Resources › Whitepaper › Identifying and mitigating gender bias in structured interview responses › Gender differences in language
Gender differences in language
A number of quantitative sociolinguistic studies have revealed significant gender differences in language (Coates, 2015). More recently, social media content has been used to conduct large scale studies examining gender differences in language. Researchers have been able to predict gender from social media content with accuracies exceeding 91% (Schwartz et al., 2013), indicating the amount of gender information encoded in language.
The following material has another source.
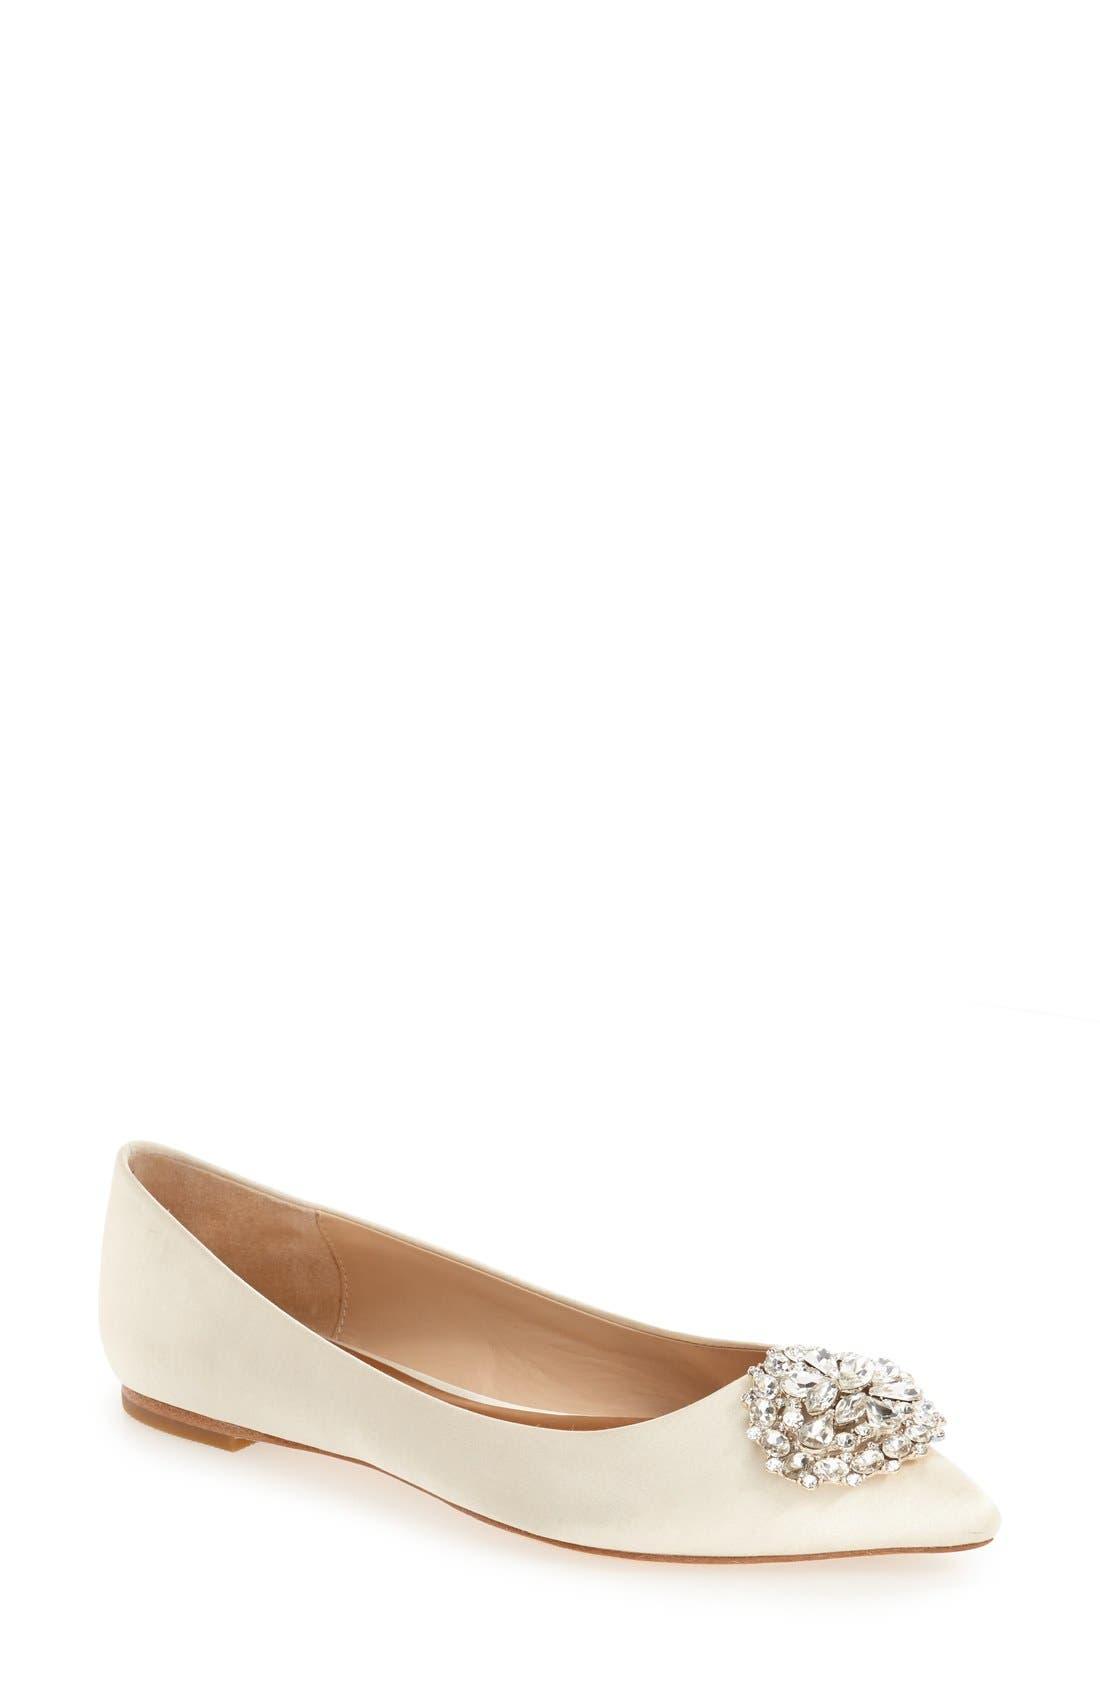 Alternate Image 1 Selected - Badgley Mischka 'Davis' Crystal Embellished Pointy Toe Flat (Women)

In the context of personnel selection, gender differences in language have been highlighted as a way bias can be introduced at the application (e.g., résumé, cover letter, etc.), screening and interview levels. Investigating the bias at the application level, Foley and Williamson (2018) observed that recruiters were able to use implicit signals and cues to infer the gender identities of applicants in anonymized job applications, reintroducing the possibility of gender bias. The well-publicized experiment at Amazon where a resume parser built with past data generating gender-biased outcomes is a good example of how language bias can influence predictive machine learning models. In this work, we present the examination of gender differences in language observed at the assessment level using data from a text-chat based automated structured interview. Structured interviews have been shown to reduce bias over unstructured interviews (Levashina et al., 2014).
We aimed to quantify the amount of gender information contained in 1) the raw text
responses to structured interview questions, and 2) the measures (or features) calculated from the responses as per the interview scoring rubric (e.g., personality traits, behavioral competencies, communication skills etc.). Quantification of gender-related information is achieved by training machine learning models to predict gender from raw text and derived features, respectively, and using their accuracies as proxies for the gender information1 present in each case. We hypothesized that features derived according to a clearly defined rubric would contain less gender information compared to raw candidate responses.